> **WORK ITEM**
With the pictures left out, copy the listing below exactly.
[DATA BELOW — start]
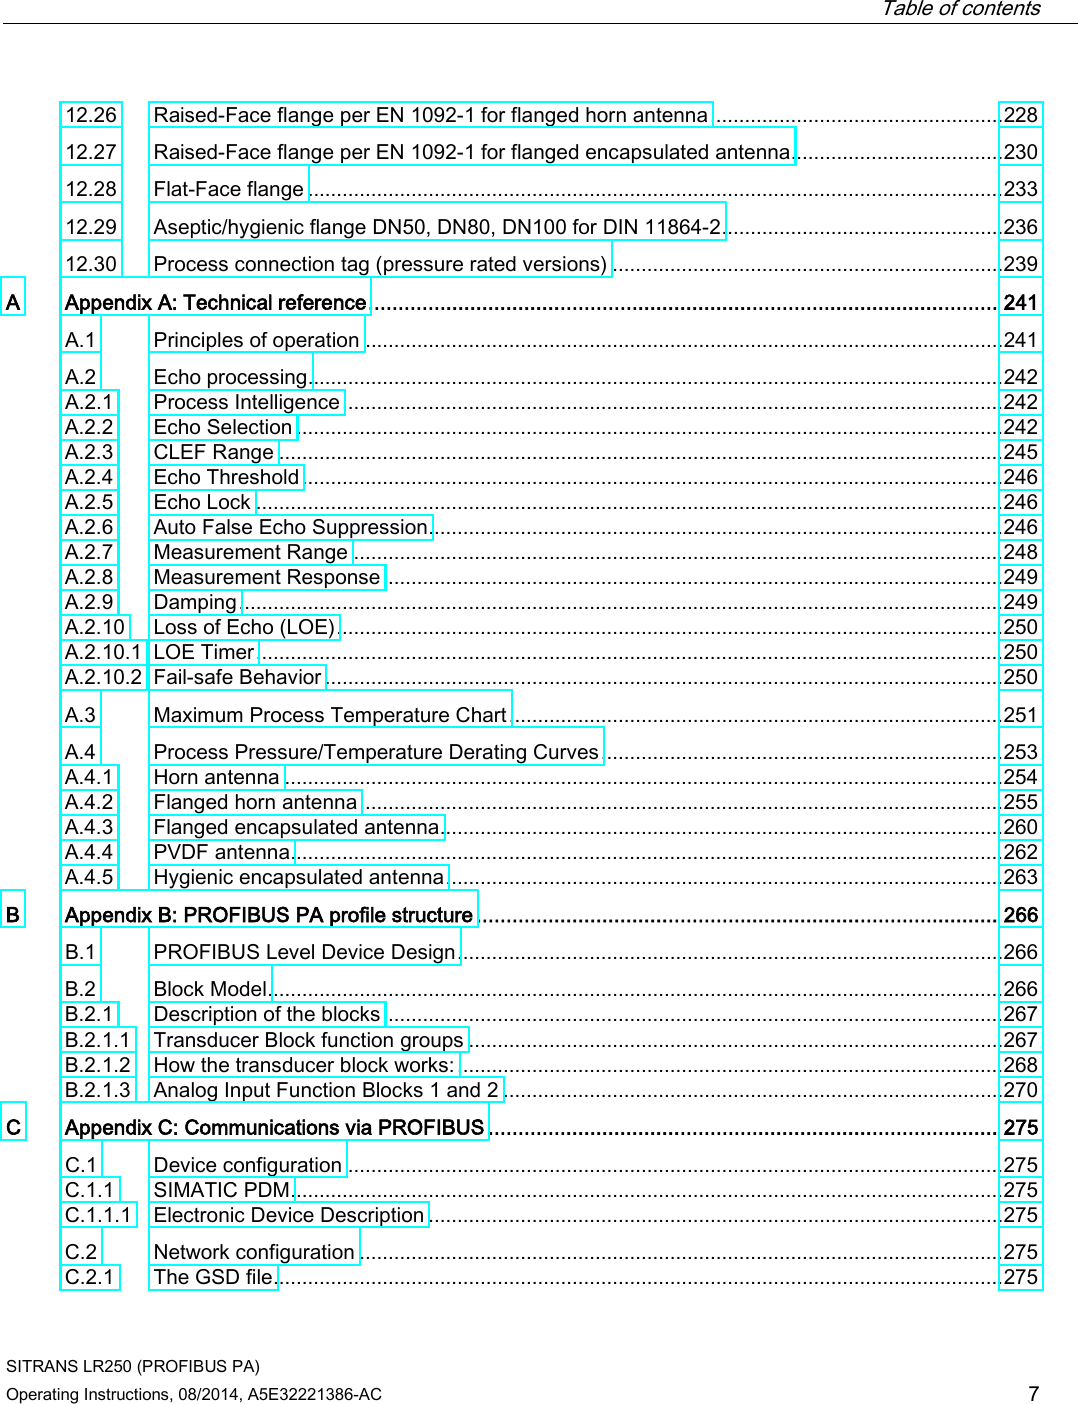  Table of contents   SITRANS LR250 (PROFIBUS PA) Operating Instructions, 08/2014, A5E32221386-AC 7 12.26 Raised-Face flange per EN 1092-1 for flanged horn antenna ................................................... 228 12.27 Raised-Face flange per EN 1092-1 for flanged encapsulated antenna..................................... 230 12.28 Flat-Face flange ......................................................................................................................... 233 12.29 Aseptic/hygienic flange DN50, DN80, DN100 for DIN 11864-2 ................................................. 236 12.30 Process connection tag (pressure rated versions) .................................................................... 239 A  Appendix A: Technical reference ......................................................................................................... 241 A.1 Principles of operation ............................................................................................................... 241 A.2 Echo processing......................................................................................................................... 242 A.2.1 Process Intelligence ................................................................................................................... 242 A.2.2 Echo Selection ........................................................................................................................... 242 A.2.3 CLEF Range .............................................................................................................................. 245 A.2.4 Echo Threshold .......................................................................................................................... 246 A.2.5 Echo Lock .................................................................................................................................. 246 A.2.6 Auto False Echo Suppression .................................................................................................... 246 A.2.7 Measurement Range ................................................................................................................. 248 A.2.8 Measurement Response ............................................................................................................ 249 A.2.9 Damping ..................................................................................................................................... 249 A.2.10 Loss of Echo (LOE) .................................................................................................................... 250 A.2.10.1 LOE Timer .................................................................................................................................. 250 A.2.10.2 Fail-safe Behavior ...................................................................................................................... 250 A.3 Maximum Process Temperature Chart ...................................................................................... 251 A.4 Process Pressure/Temperature Derating Curves ...................................................................... 253 A.4.1 Horn antenna ............................................................................................................................. 254 A.4.2 Flanged horn antenna ................................................................................................................ 255 A.4.3 Flanged encapsulated antenna .................................................................................................. 260 A.4.4 PVDF antenna............................................................................................................................ 262 A.4.5 Hygienic encapsulated antenna ................................................................................................. 263 B  Appendix B: PROFIBUS PA profile structure ....................................................................................... 266 B.1 PROFIBUS Level Device Design ............................................................................................... 266 B.2 Block Model ................................................................................................................................ 266 B.2.1 Description of the blocks ............................................................................................................ 267 B.2.1.1 Transducer Block function groups ............................................................................................. 267 B.2.1.2 How the transducer block works: ............................................................................................... 268 B.2.1.3 Analog Input Function Blocks 1 and 2 ....................................................................................... 270 C  Appendix C: Communications via PROFIBUS ..................................................................................... 275 C.1 Device configuration .................................................................................................................. 275 C.1.1 SIMATIC PDM ............................................................................................................................ 275 C.1.1.1 Electronic Device Description .................................................................................................... 275 C.2 Network configuration ................................................................................................................ 275 C.2.1 The GSD file ............................................................................................................................... 275 
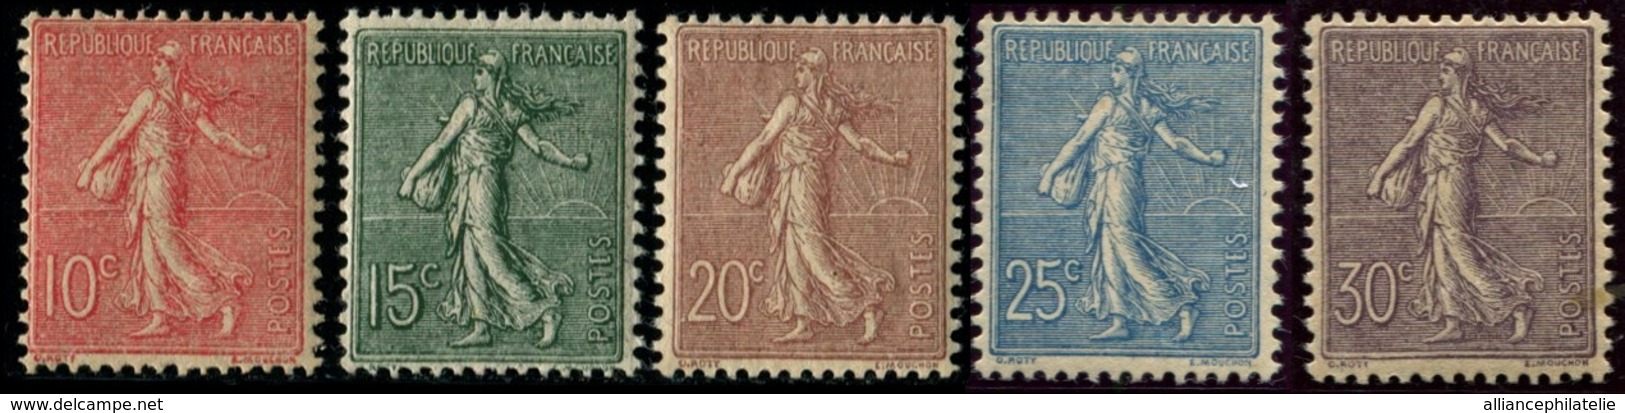 Lot N°7200 France Année Complète 1903 Neuf ** LUXE - ....-1939
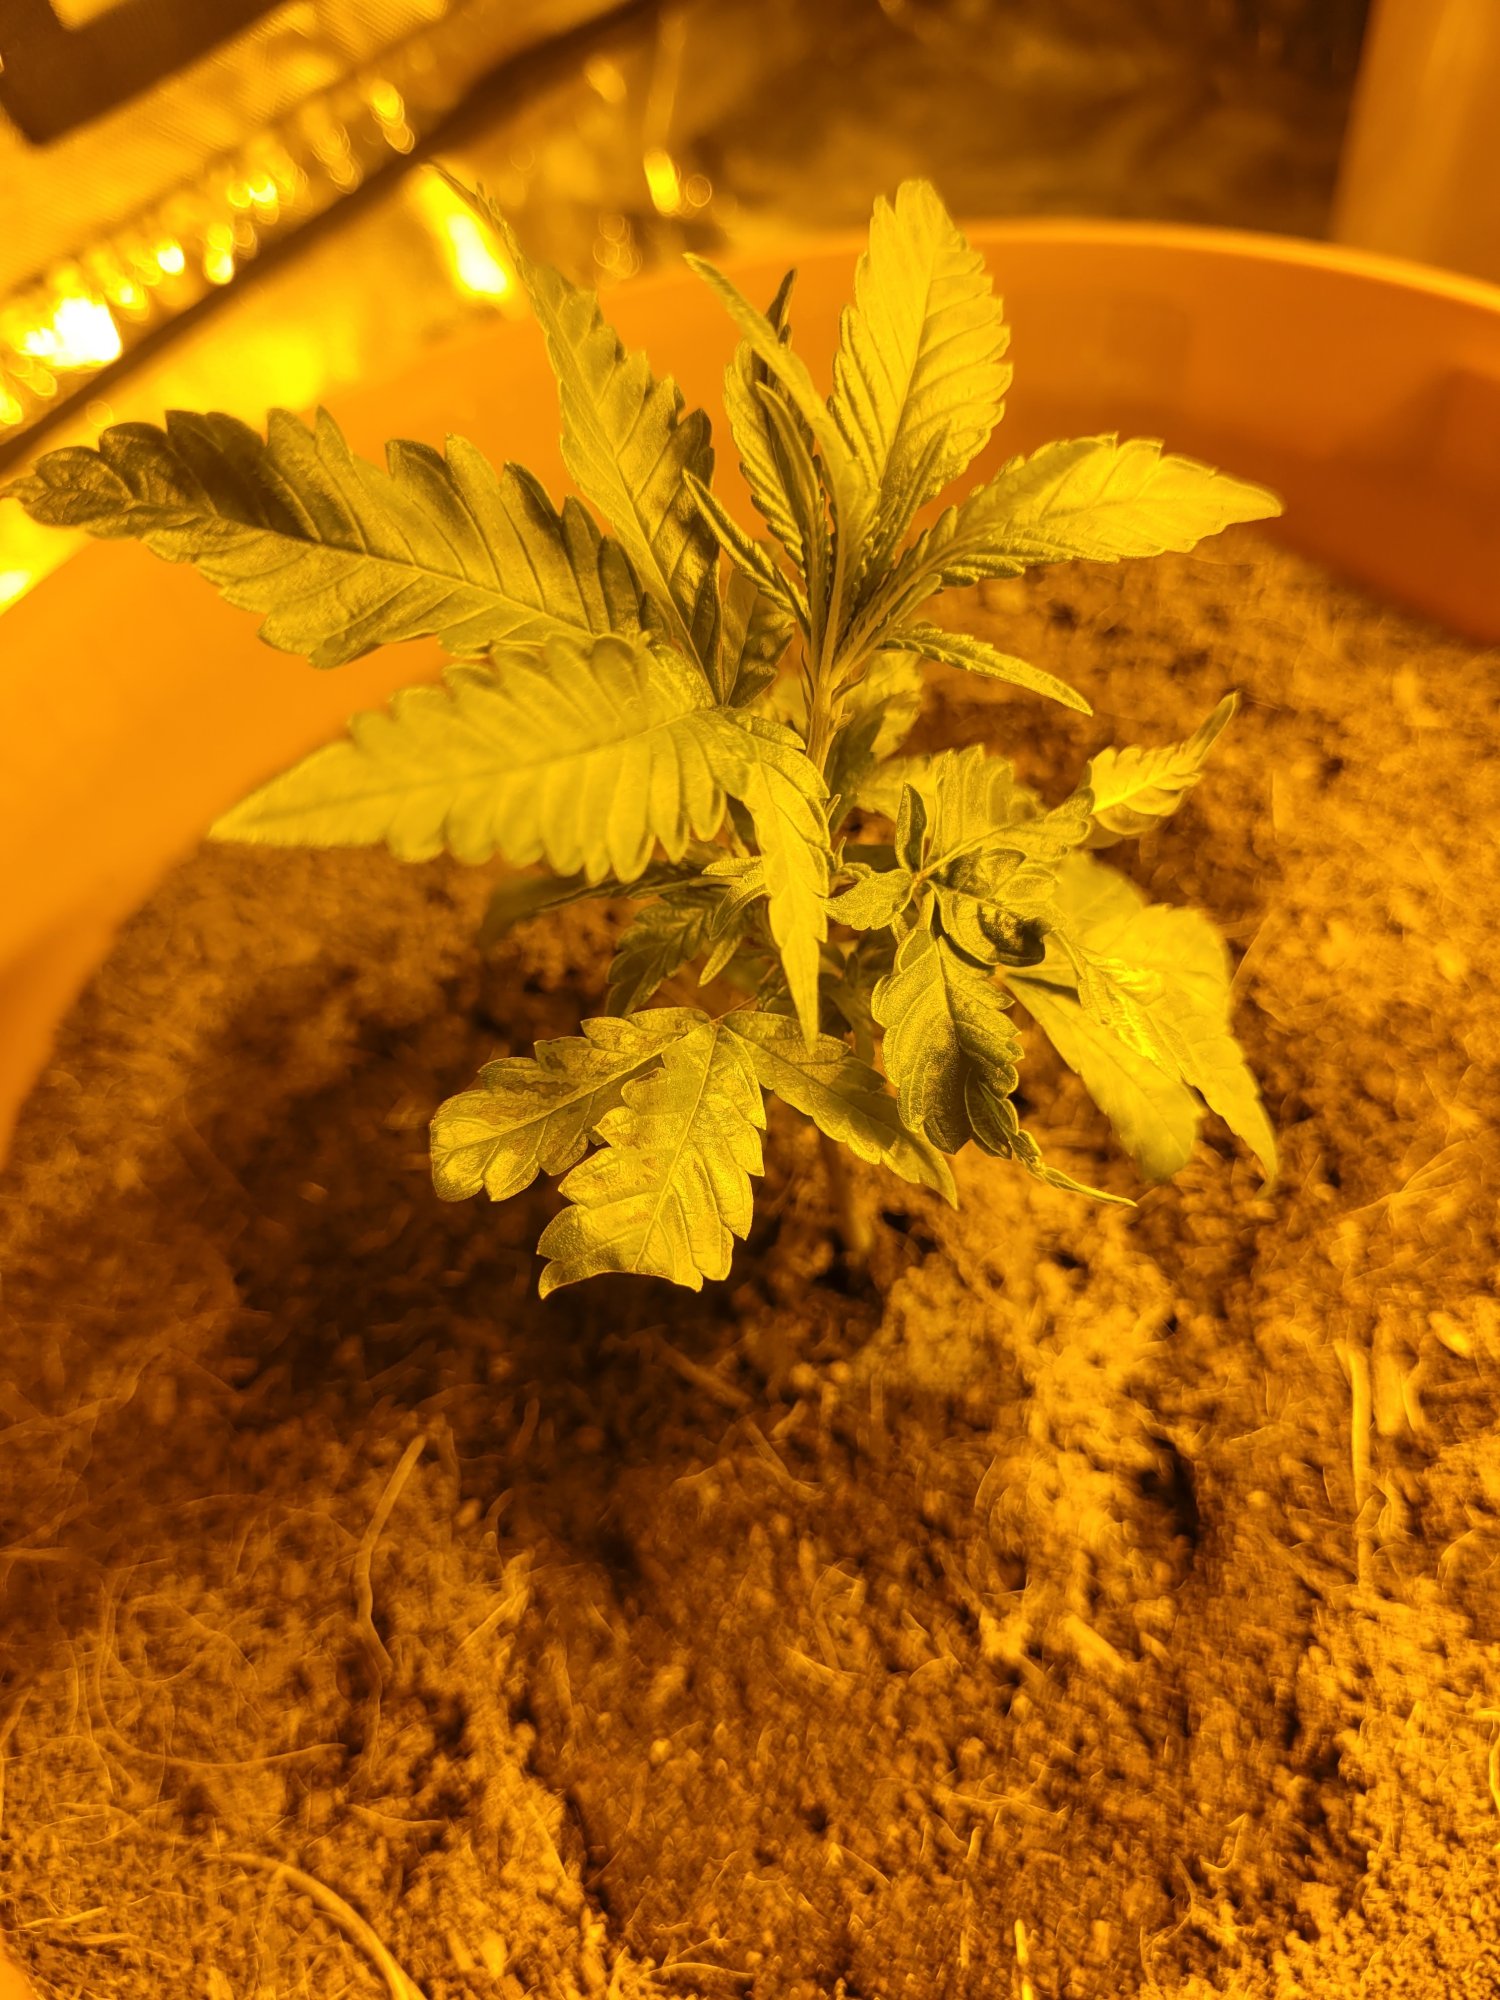 Help new to growing no idea 2
[DATA BELOW — finish]
> **RESULT**
  Table of contents   SITRANS LR250 (PROFIBUS PA) Operating Instructions, 08/2014, A5E32221386-AC 7 12.26 Raised-Face flange per EN 1092-1 for flanged horn antenna ................................................... 228 12.27 Raised-Face flange per EN 1092-1 for flanged encapsulated antenna..................................... 230 12.28 Flat-Face flange ......................................................................................................................... 233 12.29 Aseptic/hygienic flange DN50, DN80, DN100 for DIN 11864-2 ................................................. 236 12.30 Process connection tag (pressure rated versions) .................................................................... 239 A  Appendix A: Technical reference ......................................................................................................... 241 A.1 Principles of operation ............................................................................................................... 241 A.2 Echo processing......................................................................................................................... 242 A.2.1 Process Intelligence ................................................................................................................... 242 A.2.2 Echo Selection ........................................................................................................................... 242 A.2.3 CLEF Range .............................................................................................................................. 245 A.2.4 Echo Threshold .......................................................................................................................... 246 A.2.5 Echo Lock .................................................................................................................................. 246 A.2.6 Auto False Echo Suppression .................................................................................................... 246 A.2.7 Measurement Range ................................................................................................................. 248 A.2.8 Measurement Response ............................................................................................................ 249 A.2.9 Damping ..................................................................................................................................... 249 A.2.10 Loss of Echo (LOE) .................................................................................................................... 250 A.2.10.1 LOE Timer .................................................................................................................................. 250 A.2.10.2 Fail-safe Behavior ...................................................................................................................... 250 A.3 Maximum Process Temperature Chart ...................................................................................... 251 A.4 Process Pressure/Temperature Derating Curves ...................................................................... 253 A.4.1 Horn antenna ............................................................................................................................. 254 A.4.2 Flanged horn antenna ................................................................................................................ 255 A.4.3 Flanged encapsulated antenna .................................................................................................. 260 A.4.4 PVDF antenna............................................................................................................................ 262 A.4.5 Hygienic encapsulated antenna ................................................................................................. 263 B  Appendix B: PROFIBUS PA profile structure ....................................................................................... 266 B.1 PROFIBUS Level Device Design ............................................................................................... 266 B.2 Block Model ................................................................................................................................ 266 B.2.1 Description of the blocks ............................................................................................................ 267 B.2.1.1 Transducer Block function groups ............................................................................................. 267 B.2.1.2 How the transducer block works: ............................................................................................... 268 B.2.1.3 Analog Input Function Blocks 1 and 2 ....................................................................................... 270 C  Appendix C: Communications via PROFIBUS ..................................................................................... 275 C.1 Device configuration .................................................................................................................. 275 C.1.1 SIMATIC PDM ............................................................................................................................ 275 C.1.1.1 Electronic Device Description .................................................................................................... 275 C.2 Network configuration ................................................................................................................ 275 C.2.1 The GSD file ............................................................................................................................... 275 
 Lot N°7200 France Année Complète 1903 Neuf ** LUXE - ....-1939
 Help new to growing no idea 2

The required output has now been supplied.